OPG announced on Thursday that it is purchasing Eagle Creek Renewable Energy LLC – which owns 63 small hydroelectric stations in 13 states − for US$298-million, marking the provincially owned utility’s first expansion outside the province.
OPG reached the agreement to buy New Jersey-based Eagle Creek from Desmairais family-controlled Power Corp. of Canada and Claridge Inc., the private-investment firm of Stephen Bronfman, and their partner, U.S.-based Hudson Clean Energy Partners LP.
“By expanding our core business with this purchase, OPG is capitalizing on a new growth opportunity by making an investment in a strategic set of hydroelectric assets that will produce an attractive return for our shareholder, the Province of Ontario,” OPG CEO Jeff Lyash said on Thursday.
“This acquisition will be financed without the use of taxpayer funds and will have no impact on Ontario’s electricity customers,” he said. Instead, the provincially owned corporation will finance the deal with debt through its existing credit arrangements.
OPG’s acquisition comes just weeks after the new Progressive Conservative provincial government cancelled 759 renewable energy contracts in the name of cost reduction.
One of those projects – White Pines Wind – had finalized its contract and was mid-way through construction when Mr. Ford ordered it shut down. His government complained the final approval was given by the Independent Electricity System Operator after the provincial election campaign commenced.
Ontario Energy Minister Greg Rickford defended the cancellations, saying they would help the government achieve Mr. Ford’s promise to cut power costs by 12 per cent.

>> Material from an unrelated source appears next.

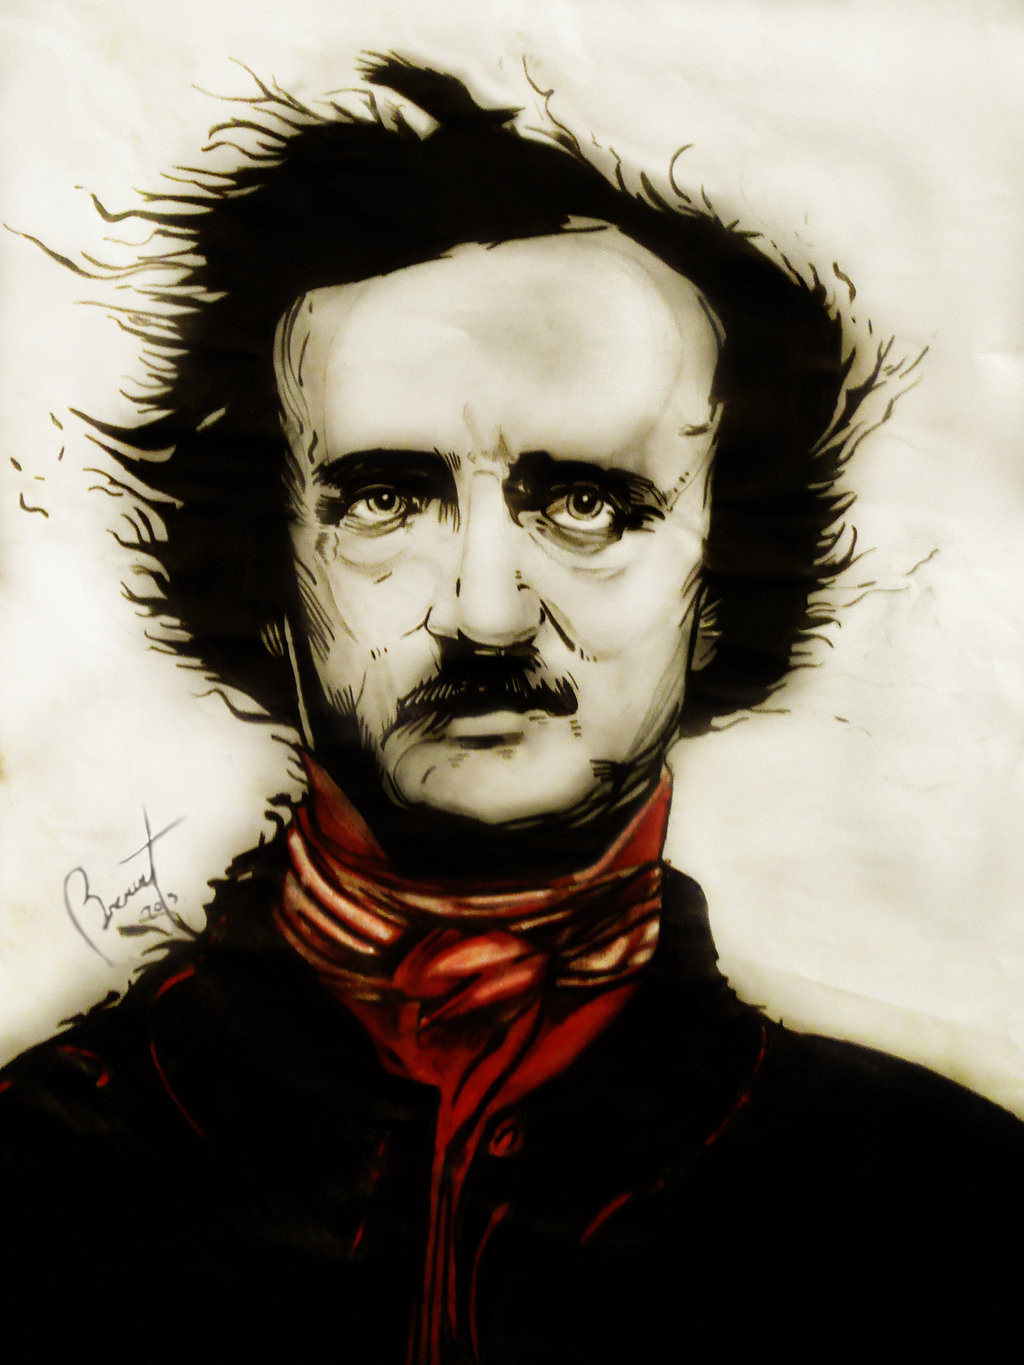 The Masque of the Red Death by Edgar Allan Poe

The government has yet to spell out how it will honor that 12-per-cent pledge, and the uncertainty is hanging over the entire electricity sector, and particularly over OPG, which has for years been saddled with politically motivated directives from the government of the day.
The corporation was founded in 1999, when former premier Mike Harris broke up the heavily indebted Ontario Hydro into a series of operations that include OPG and transmission giant Hydro One, whose chief executive officer and board was forced to resign this summer by the Ford government over high salaries and the sharp run-up in electricity prices over the past decade.
OPG “is not the master of its own fate,” said Tom Adams, an industry consultant who appears frequently at regulatory hearings. “It has repeatedly been given marching orders that a straight-ahead business would never undertake.”
In order to cut costs for customers, the government could order the Ontario Energy Board to reduce the rate of return earned by OPB. Or it could redirect OPG’s stream of dividend, water rental fees and tax revenue from government coffers back to the ratepayers, although that would drive up the provincial deficit.
Mr. Lyash acknowledged he is aware of Mr. Ford’s promise but has had no indication whether it will affect OPG’s operation.
“I worry about it a bit, but all of our earnings go to the government as our shareholder," Mr. Lyash said in an interview. "So you’re best off continuing to keep the commercial pressures on OPG so we run most efficiently and deliver that net income to our shareholder. Where the shareholder decides to point that net income, that’s their call.”
The provincial corporation paid around $800-million to the province last year in dividends, taxes and water rental charges.
The provincial utility is currently undertaking a $12.8-billion, 10-year refurbishment of the Darlington nuclear facility, which has four reactors with capacity to generate 3,500 megawatts of power.
Mr. Adams questioned OPG’s foray into the United States, saying it may prove a distraction when the company must deliver the Darlington project on time and on budget. “Anything that distract attention away – no matter how legitimate – is potentially very costly and I would think ill-advised."